→ Problem: In the material below, the lines from the one containing "An Italian Neo-Classical" through the one containing "the table's surface" are to be given again exactly, ends included, and no others.

→ Records provided:
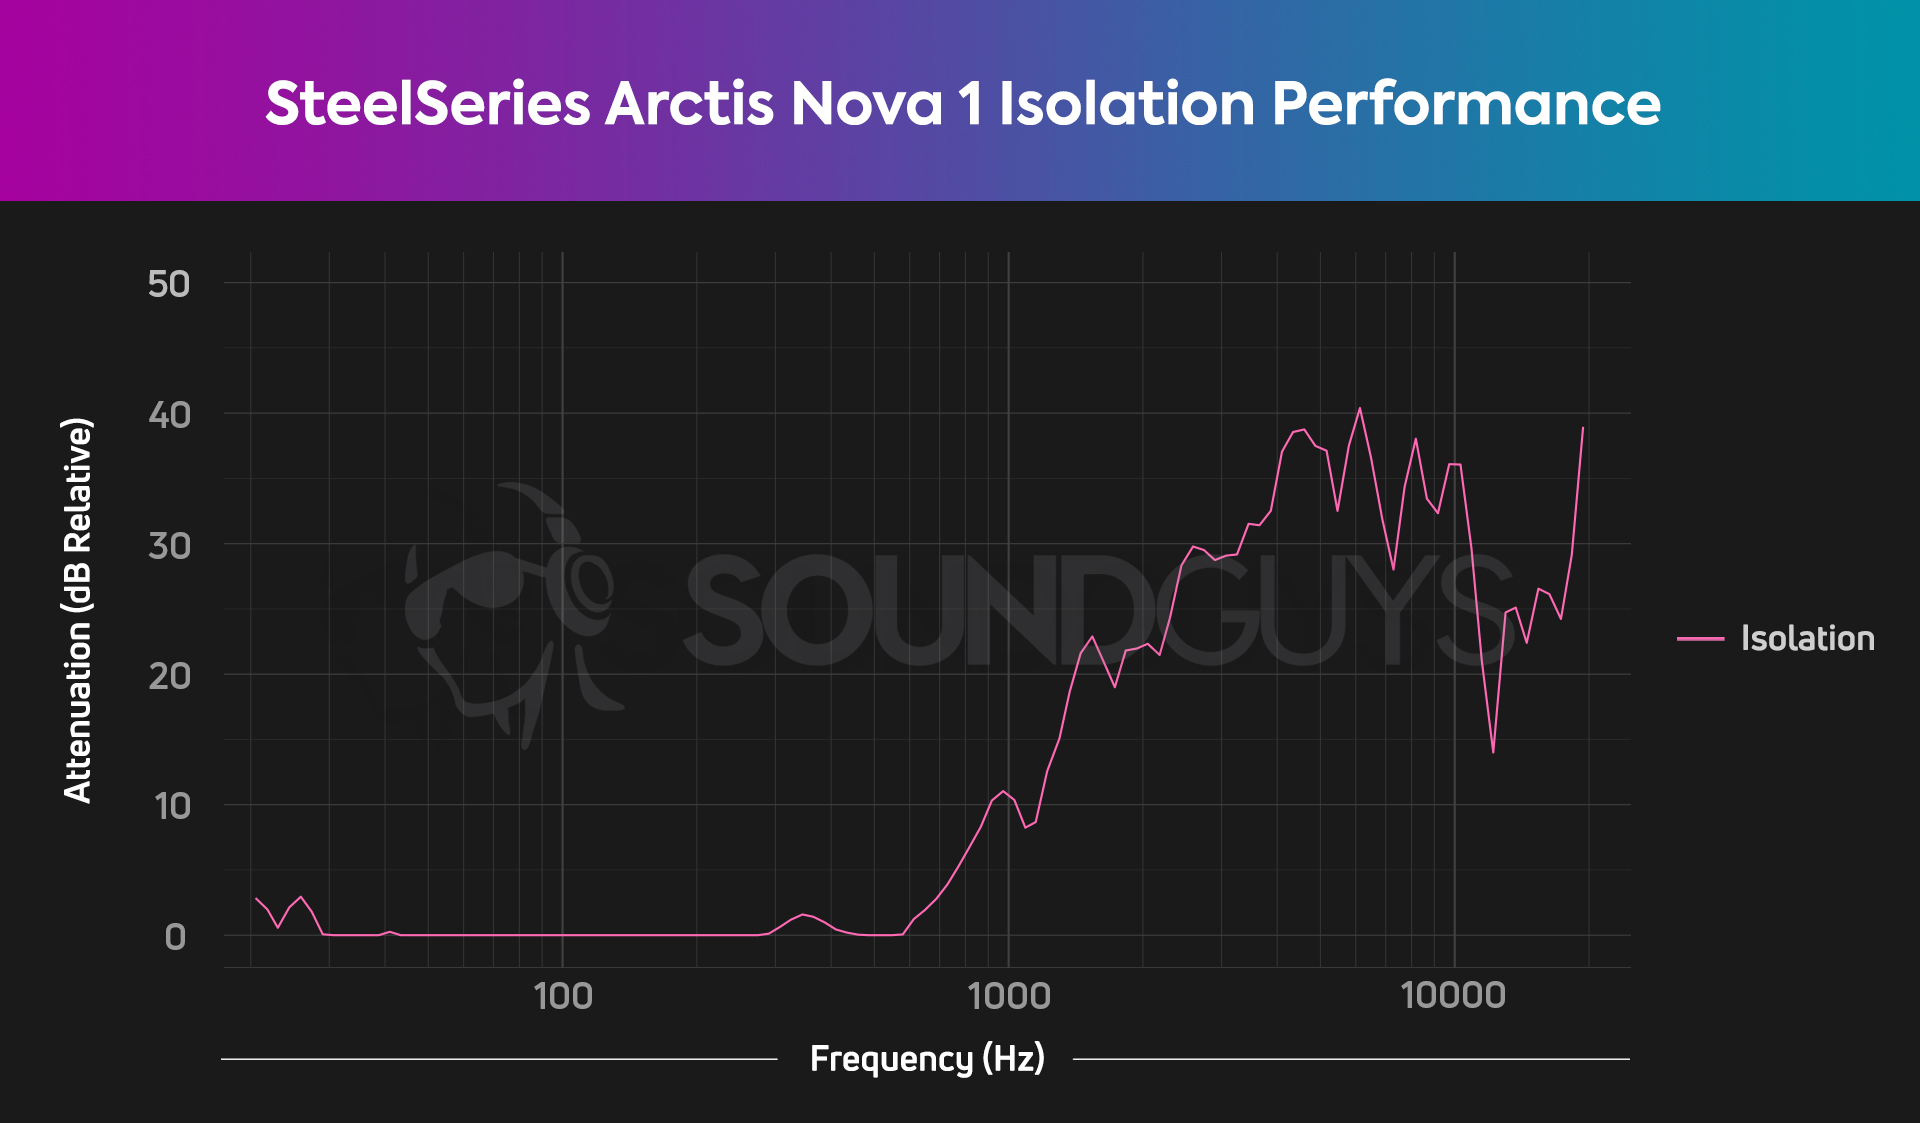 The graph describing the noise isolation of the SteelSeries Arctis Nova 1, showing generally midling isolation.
...
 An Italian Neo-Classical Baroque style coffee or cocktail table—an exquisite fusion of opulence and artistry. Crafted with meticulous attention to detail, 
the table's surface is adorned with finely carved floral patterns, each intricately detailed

→ Solution to this task:
 An Italian Neo-Classical Baroque style coffee or cocktail table—an exquisite fusion of opulence and artistry. Crafted with meticulous attention to detail, 
the table's surface is adorned with finely carved floral patterns, each intricately detailed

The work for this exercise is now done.